WHAT YOU WILL DO
Starting with the line that contains "oil tanker, vehicles, tanker, ocean, ship, sunset", copy each line exactly through the end of the listing, and omit all pictures.

DATA SECTION
_ _ _ _

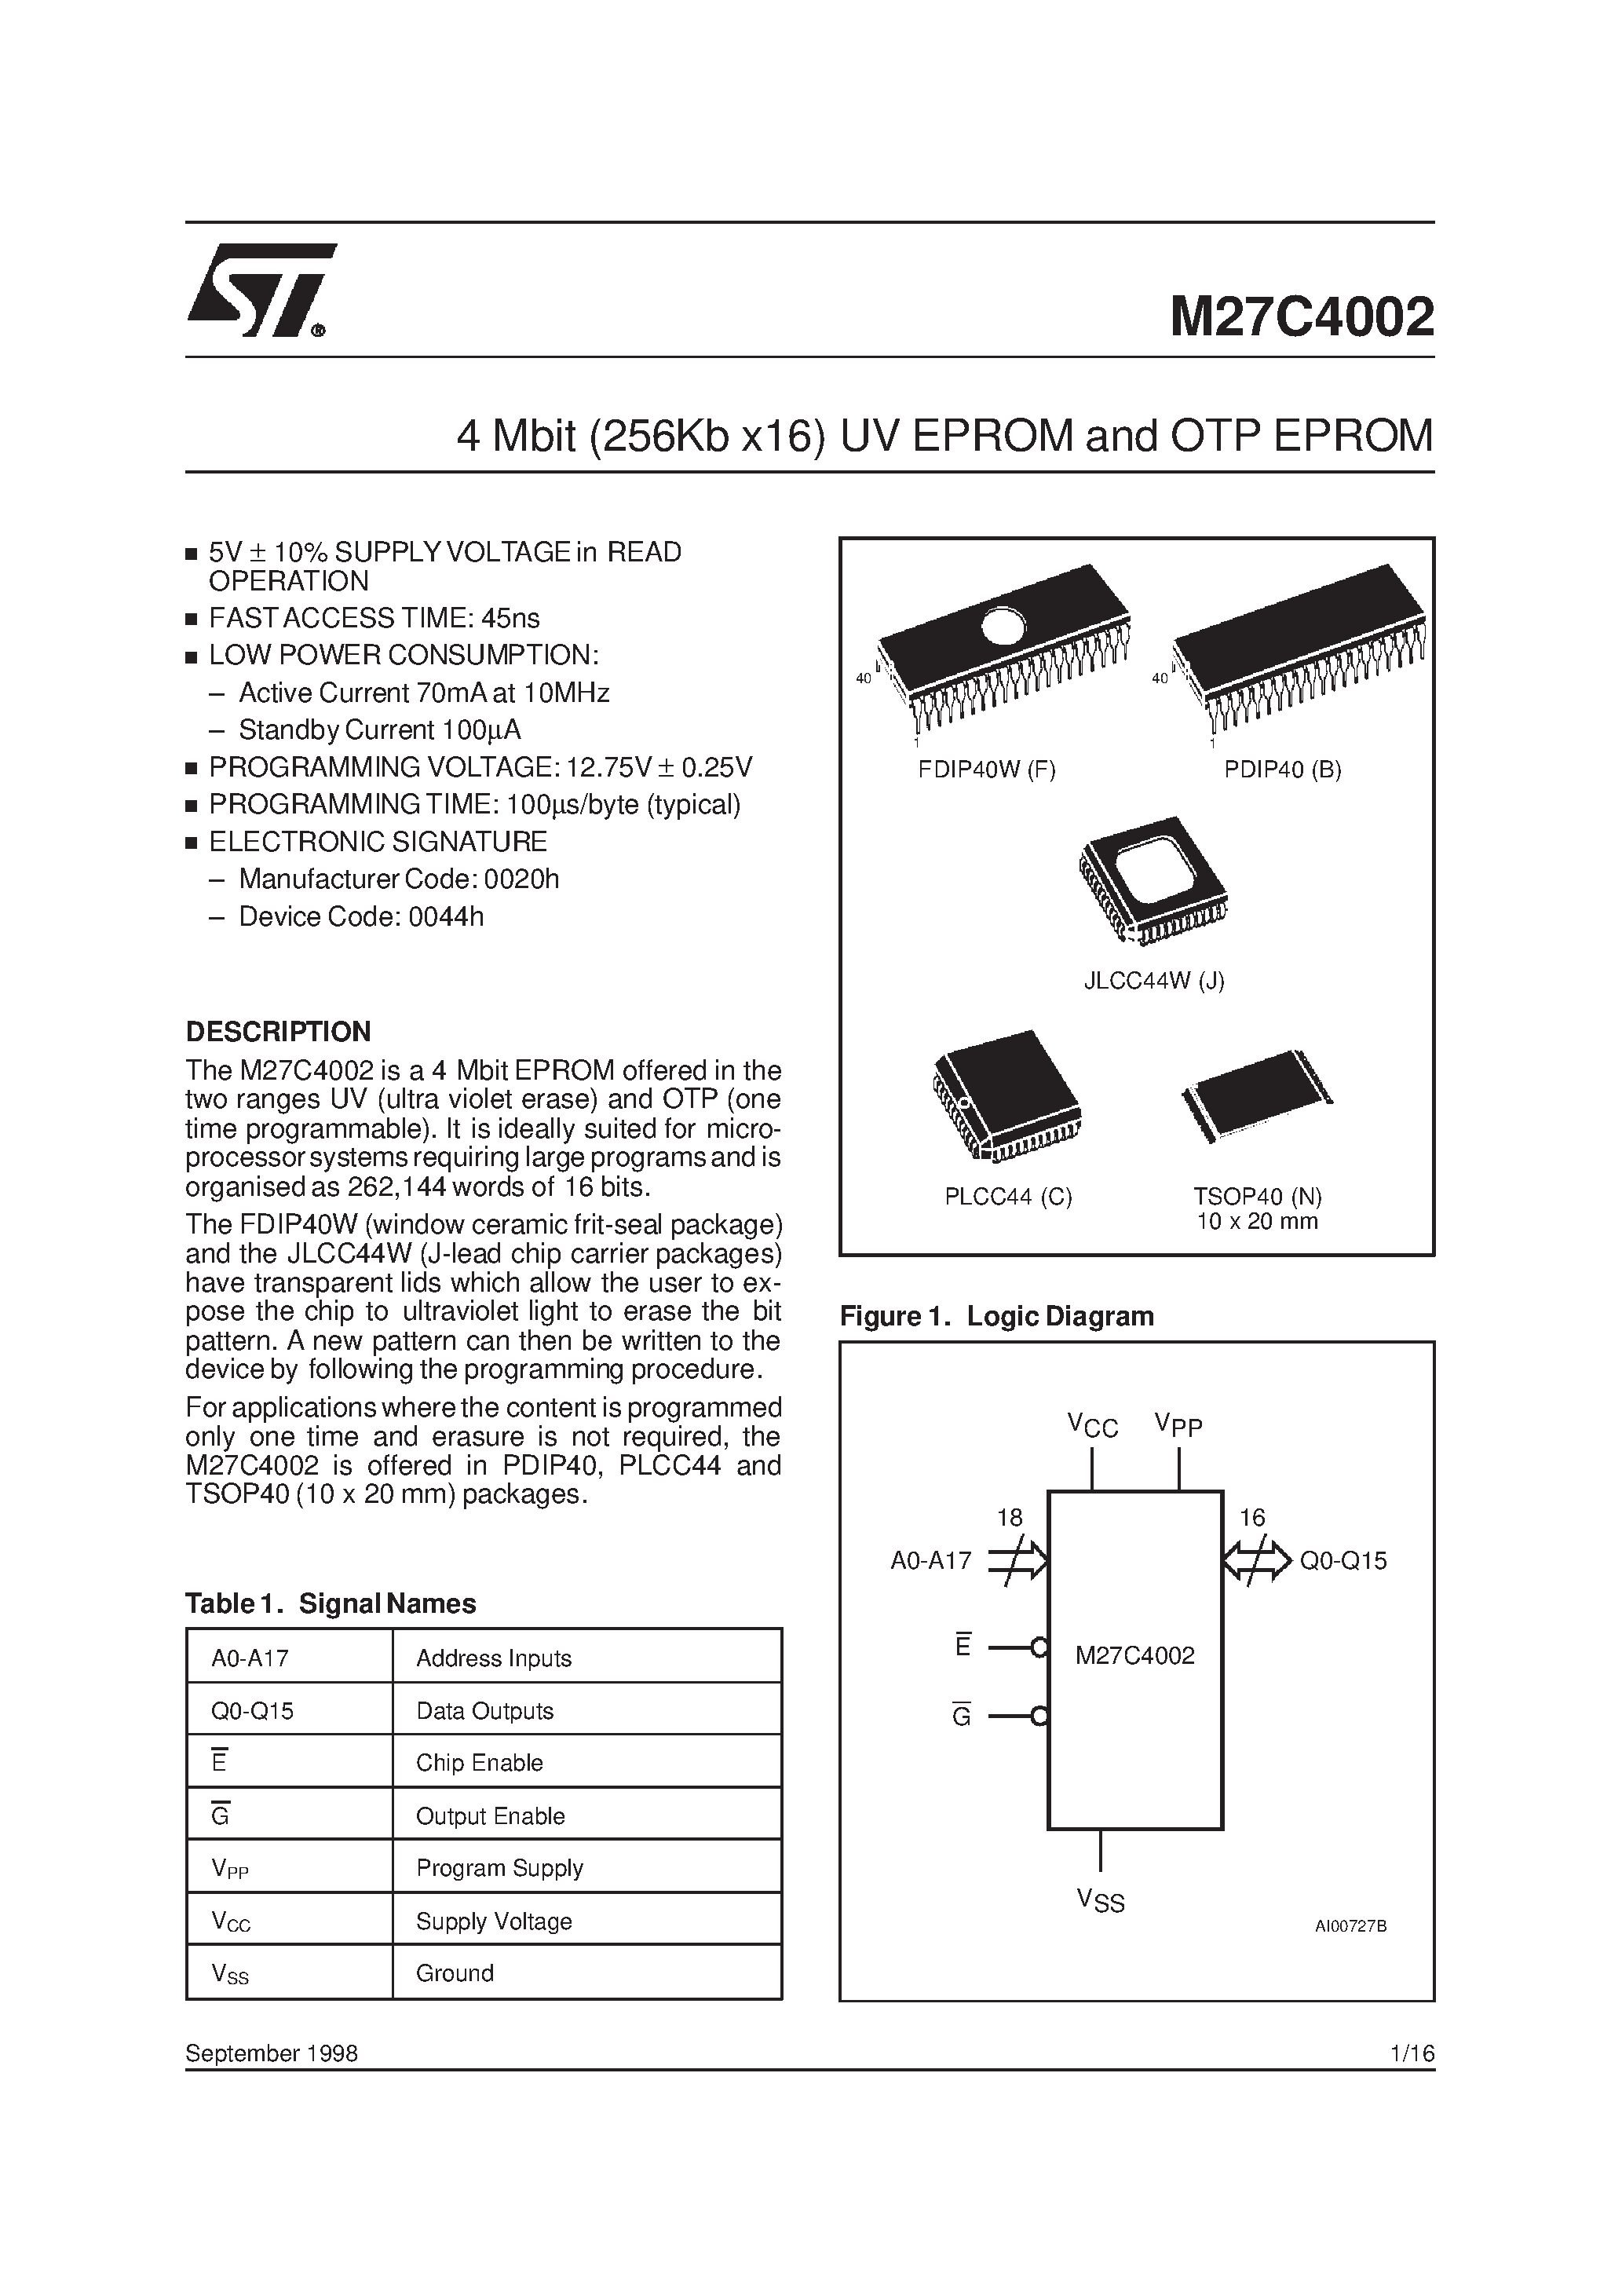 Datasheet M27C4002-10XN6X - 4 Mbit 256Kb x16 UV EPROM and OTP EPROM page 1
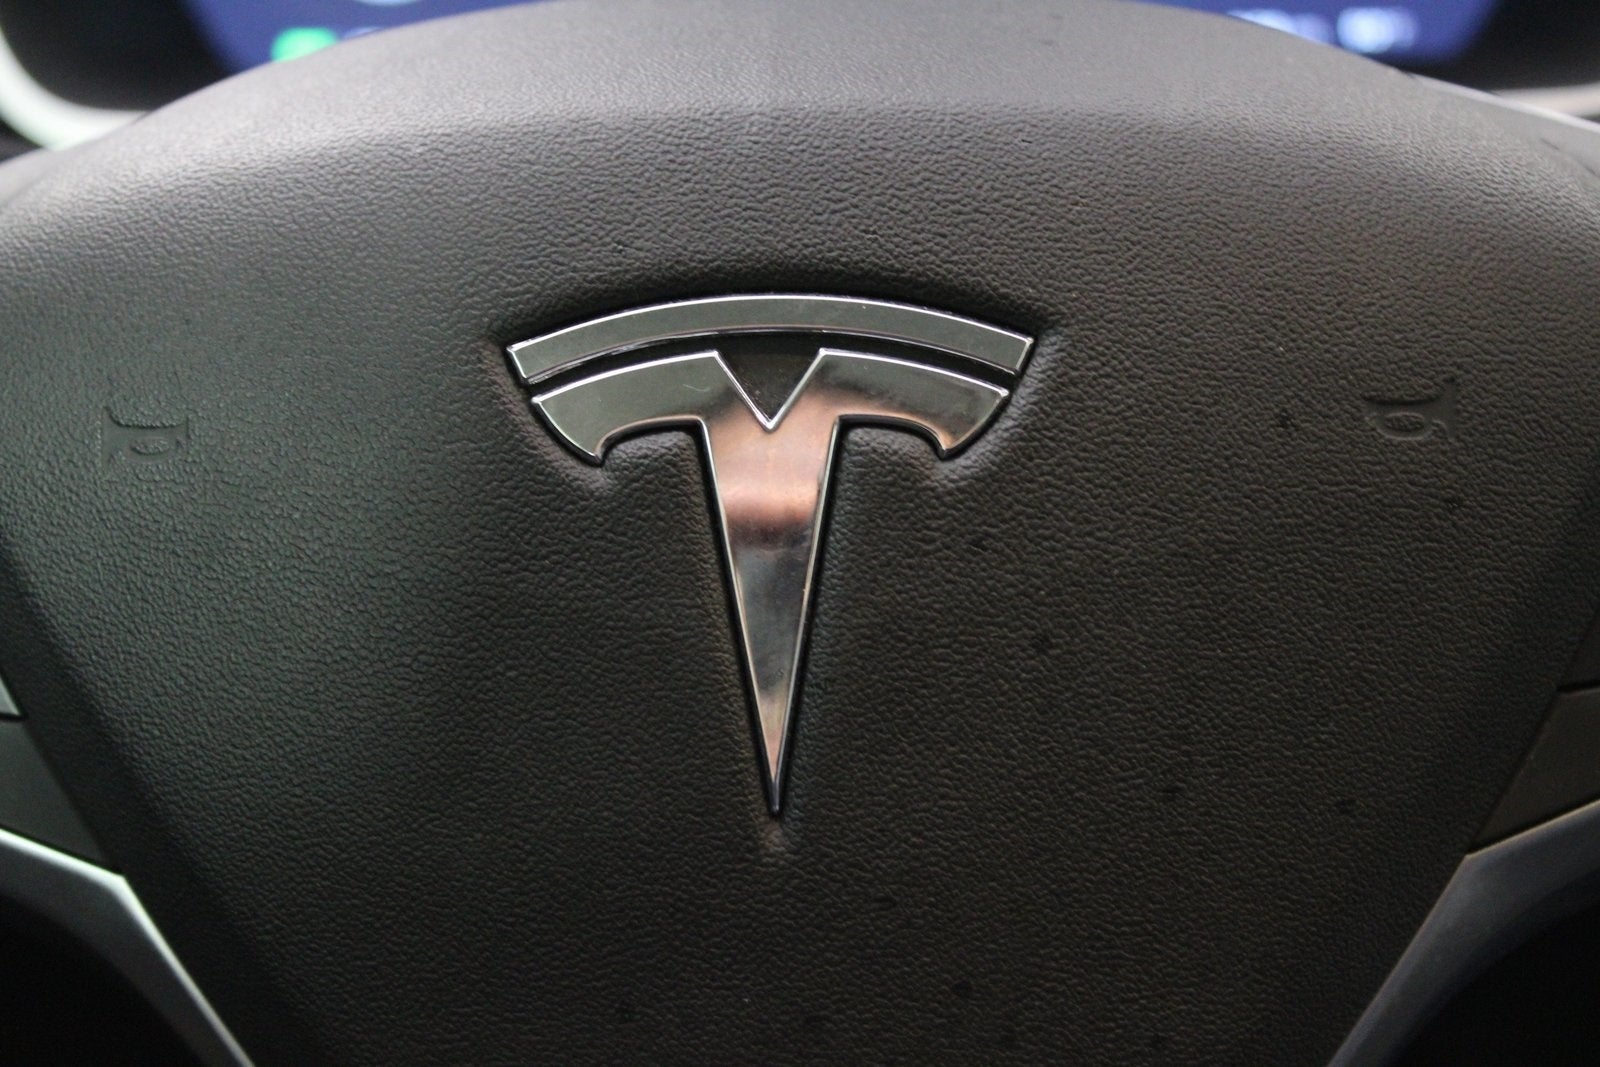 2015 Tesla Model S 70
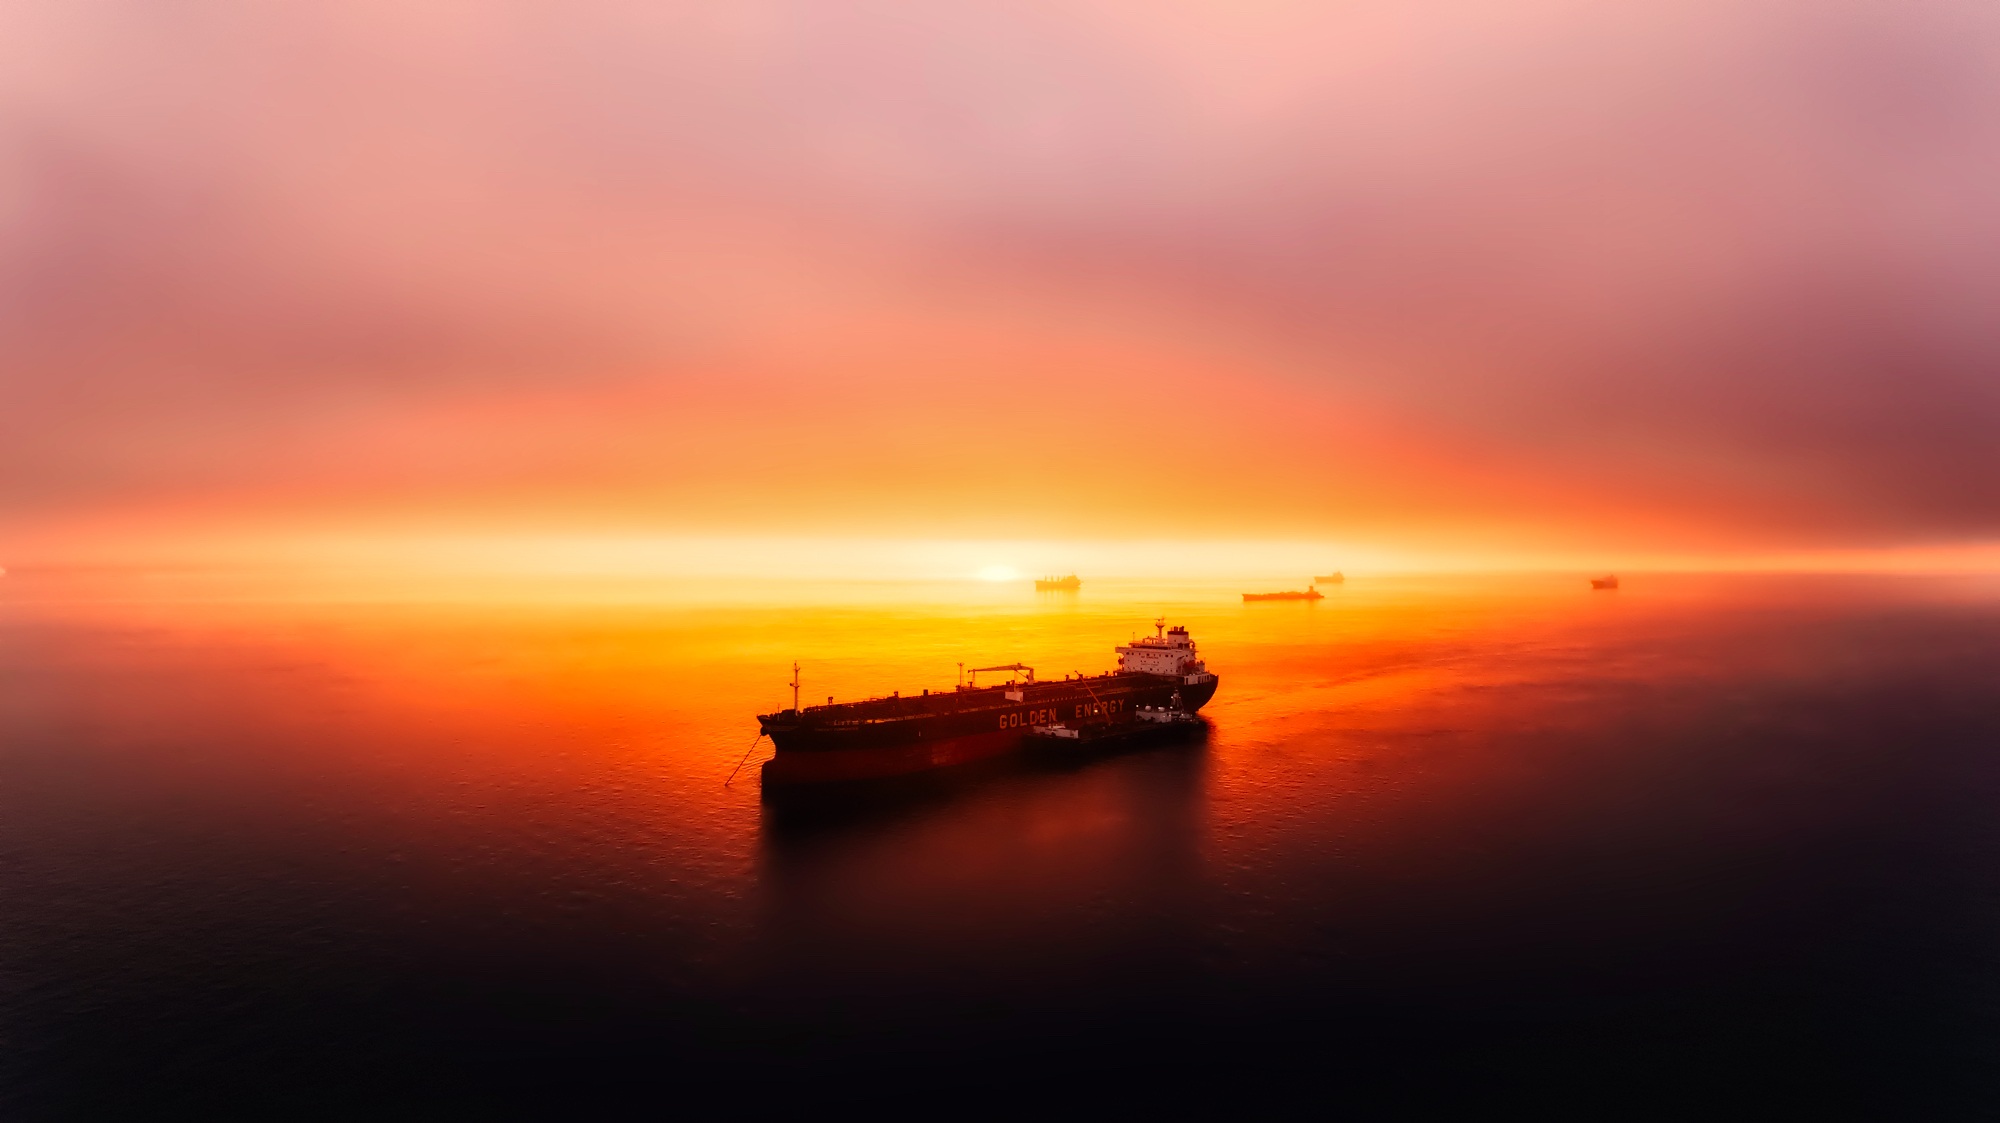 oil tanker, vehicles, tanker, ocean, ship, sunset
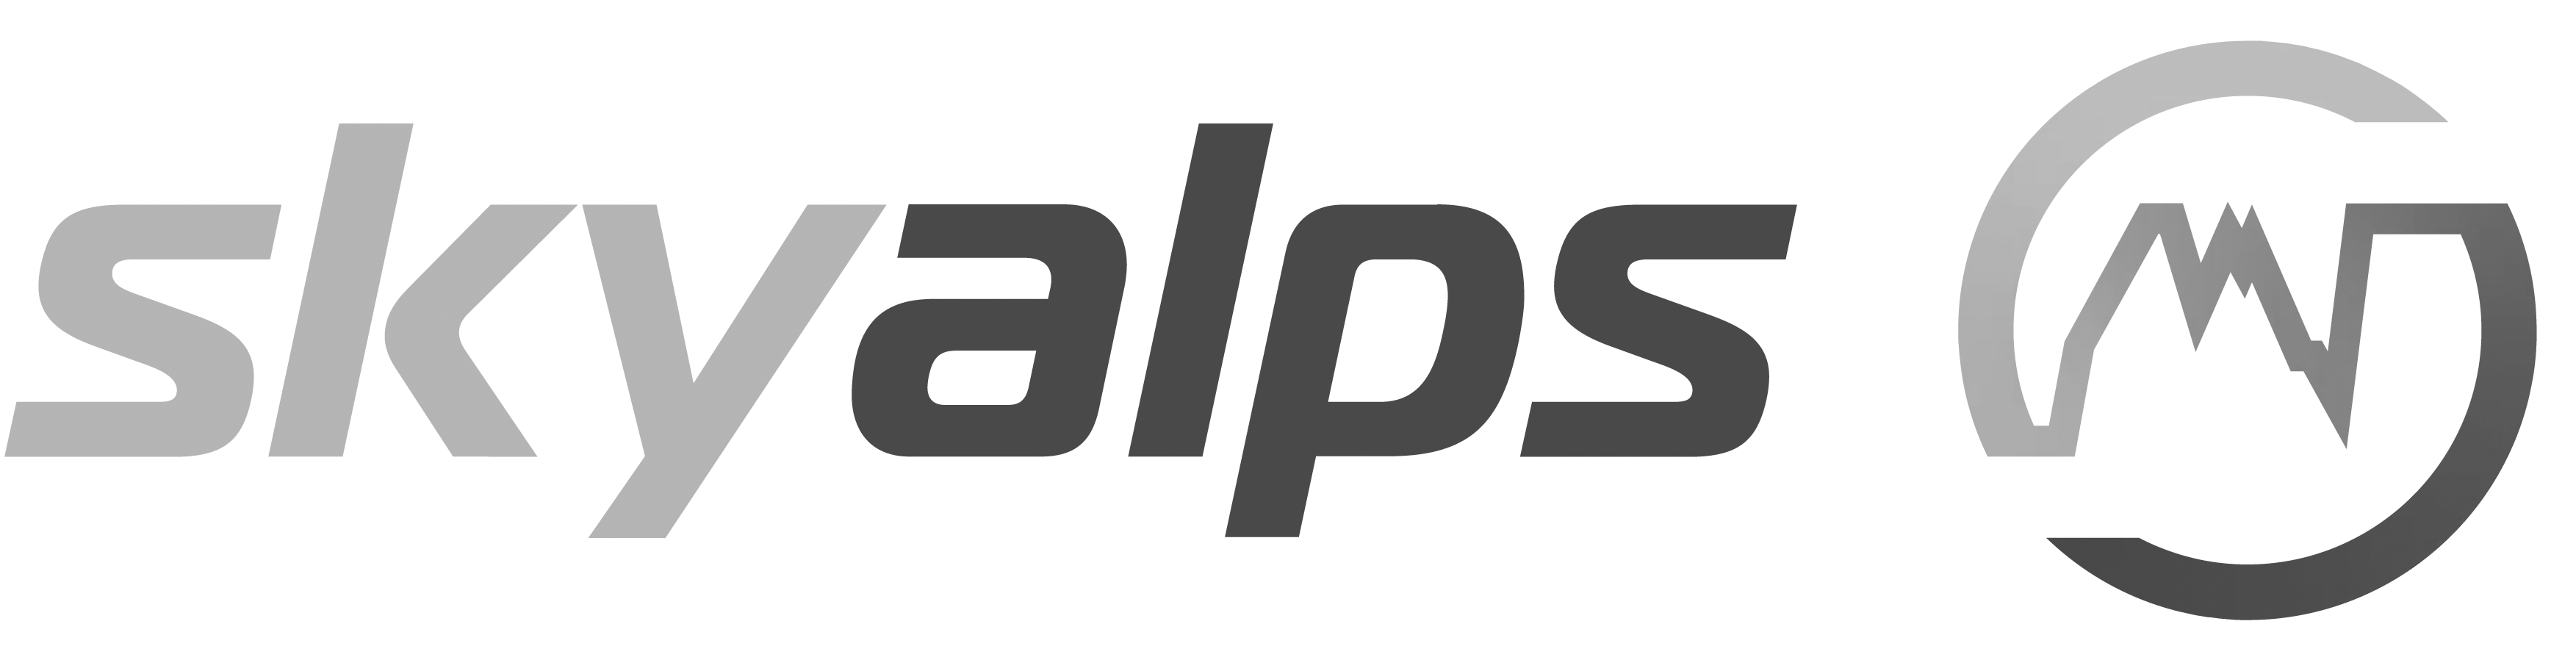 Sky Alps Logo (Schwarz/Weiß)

_ _ _ _

OUTPUT FOR THIS EXERCISE
 oil tanker, vehicles, tanker, ocean, ship, sunset
 Sky Alps Logo (Schwarz/Weiß)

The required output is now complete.